MOON KING with LEE PARADISE and BLUNT CHUNKS at Smiling Buddha (961 College), Tuesday (April 14), doors 8 pm. $9..
MOON KING with LEE PARADISE and BLUNT CHUNKS at Smiling Buddha (961 College), Tuesday (April 14), doors 8 pm. $9. northerntickets.com, rotate.com, soundscapesmusic.com.
To discuss Moon King‘s upcoming debut LP, Daniel Woodhead has chosen the most bizarre place I’ve ever interviewed anyone: the Galleria Shopping Centre, a desolate mall at Dufferin and Dupont anchored by a gleaming Dollarama and mom-and-pop stores peddling discount goods.
Woodhead sits in the empty atrium, sipping a can of root beer. When I ask why the Galleria, he says, “I grew up in downtown Toronto a block away from Honest Ed’s and Lee’s Palace, so I never hung out at the mall as a kid.”
Instead, Woodhead spent his youth playing all-ages shows across the city with his brother Airick in the rabble-rousing indie pop band Spiral Beach. When they disbanded in 2009, Airick moved to Montreal and became Doldrums, bassist Dorian Wolf formed Austra, and Woodhead, as he puts it, “sort of disappeared.”
He returned to Toronto a couple of years later armed with a batch of new songs and enlisted former Spiral Beach keyboardist/vocalist and long-time friend Maddy Wilde to help transform his rough sonic sketches into the whimsical, textured songs that now characterize Moon King. After two EPs and non-stop touring, Woodhead and Wilde set to work on the band’s first true LP, Secret Life (Last Gang).
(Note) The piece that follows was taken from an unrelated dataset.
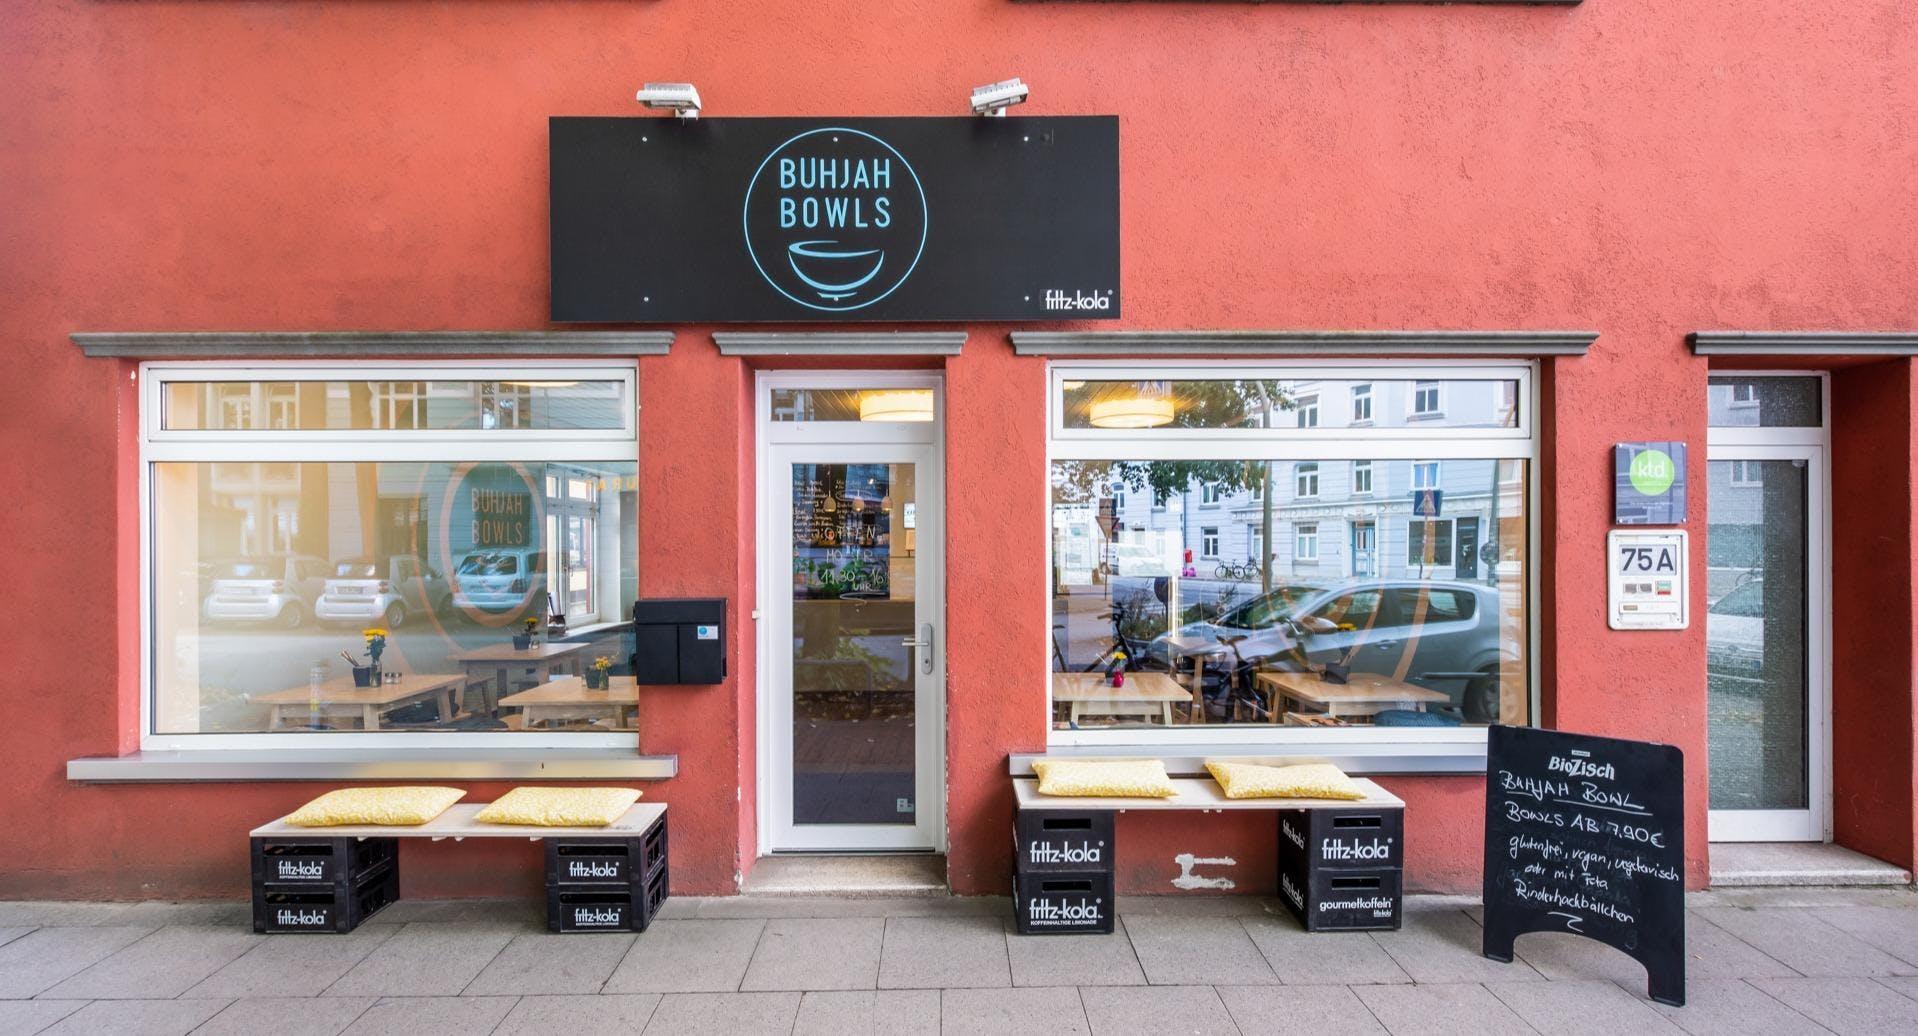 Buhjah Bowls Hamburg image 1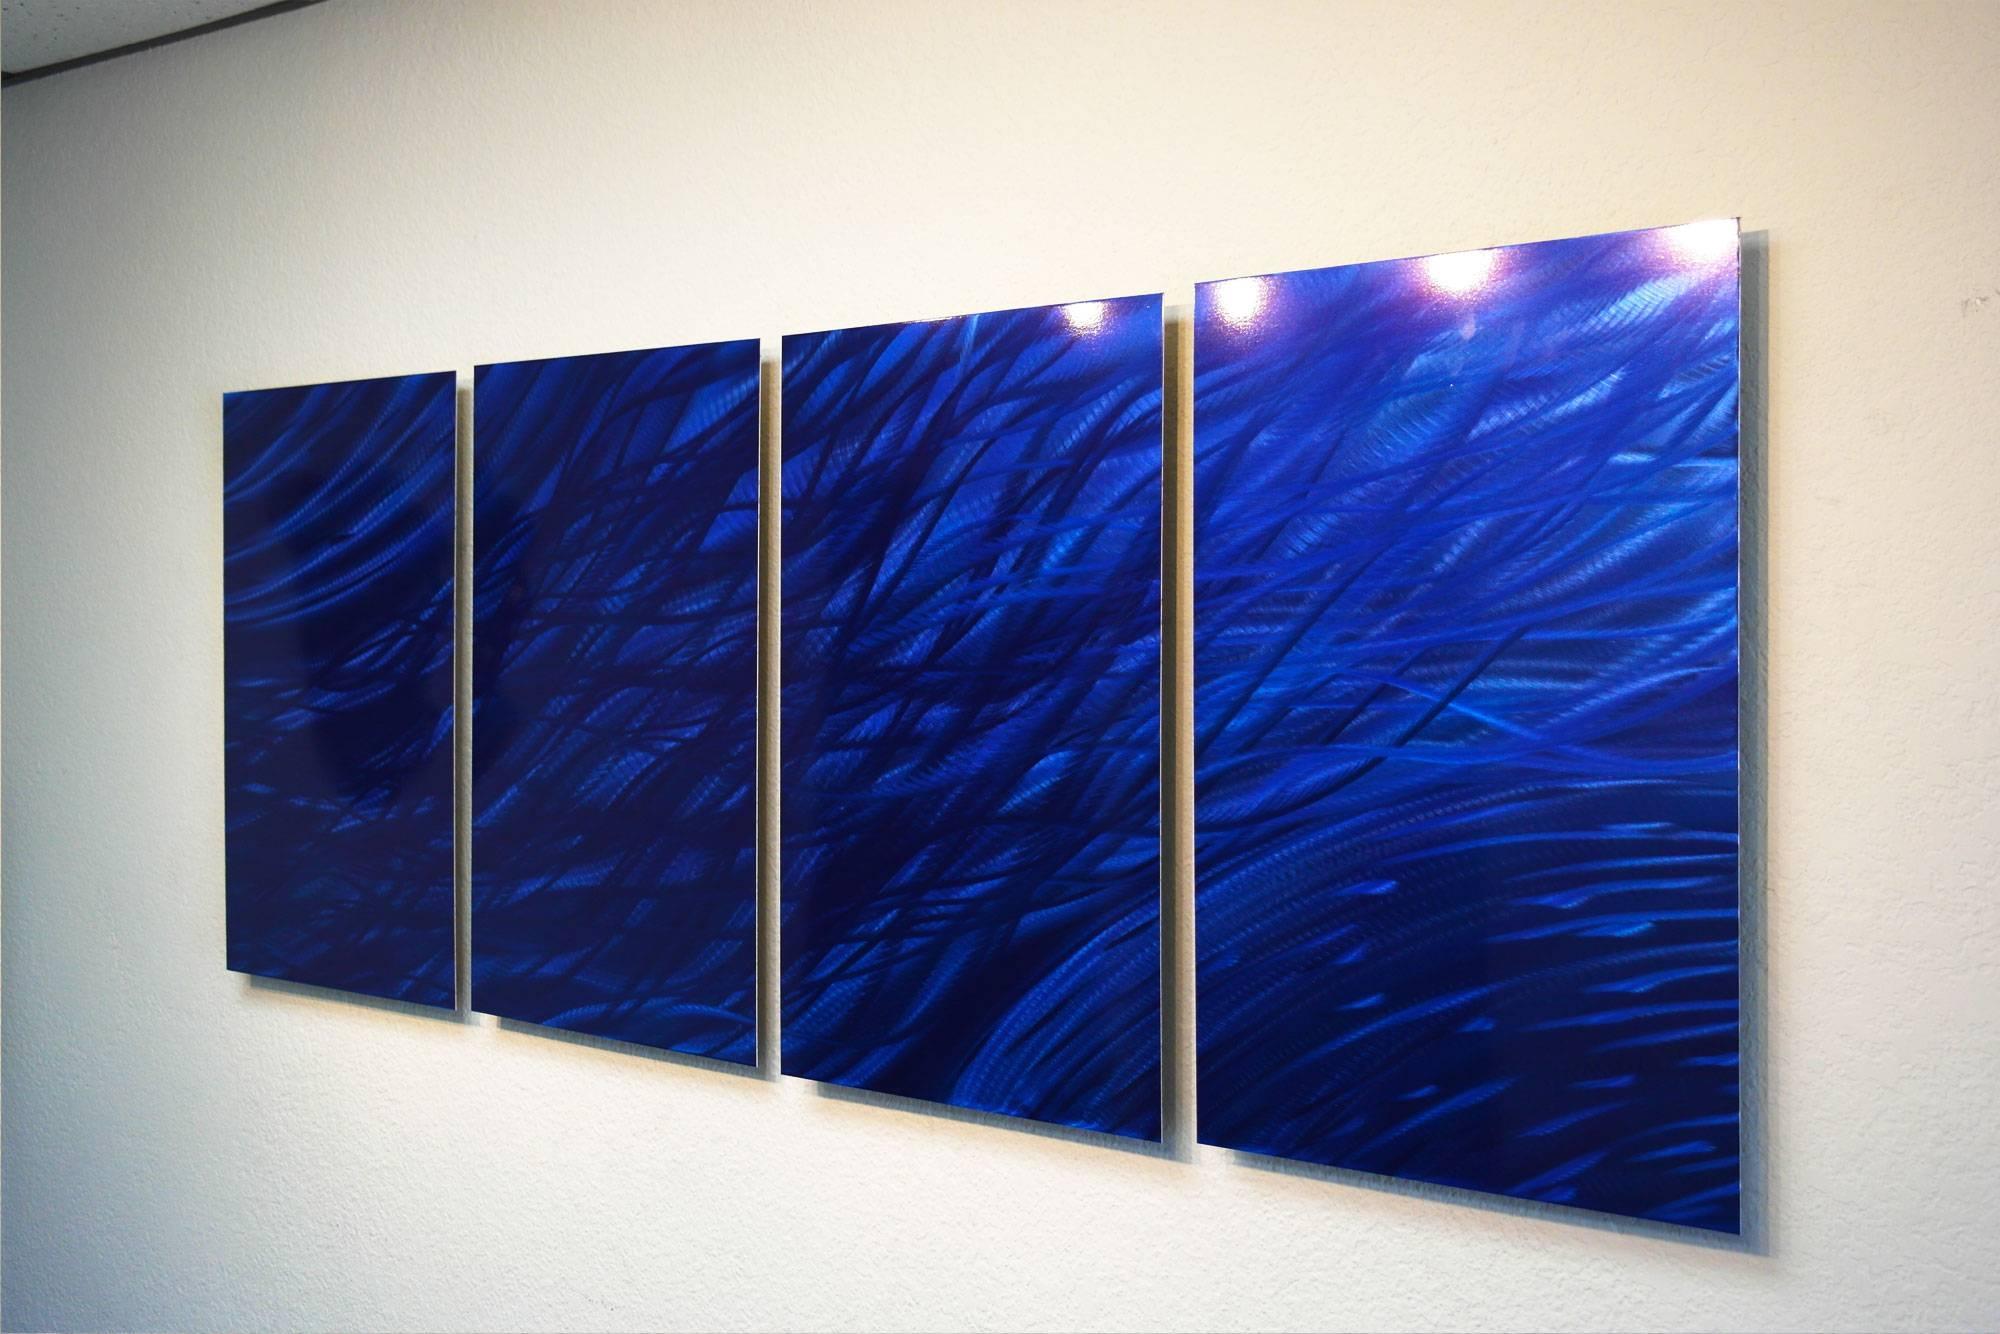 Ocean Dark Blue – Metal Wall Art Abstract Sculpture Modern Decor Regarding Most Recently Released Blue Wall Art (View 16 of 20)

“For Secret Life there were a bunch of songs written, and we ended up choosing the bleakest ones,” Woodhead laughs. “Lyrically, some of the songs relate to depression, to a feeling of really not knowing why I’m still doing this, why I’m sleeping on a friend’s sofa when half my friends are starting to settle down, go to school properly, get a real job.”
It’s Woodhead’s most personal work, and the music is rife with beautiful harmonies, pillowy synths and upbeat melodies, giving a rose-tinted veneer to any darker undertones.
Moon King are set to embark on a tour with his brother’s band, Doldrums – with whom Woodhead admits there is a bit of healthy yet completely supportive competition – and he’s already thinking about the next album, which he says will be much “shinier.”
It’s a cliche, but Woodhead truly is like a shark: if he doesn’t keep moving, he’ll die. He’s happiest when he’s writing songs and on the road, with no fixed address.
“I want to be able to experience everything I can while I’m still young and foolhardy, and the best way to do it seems to be living out of a suitcase. So I’ll just keep doing that.”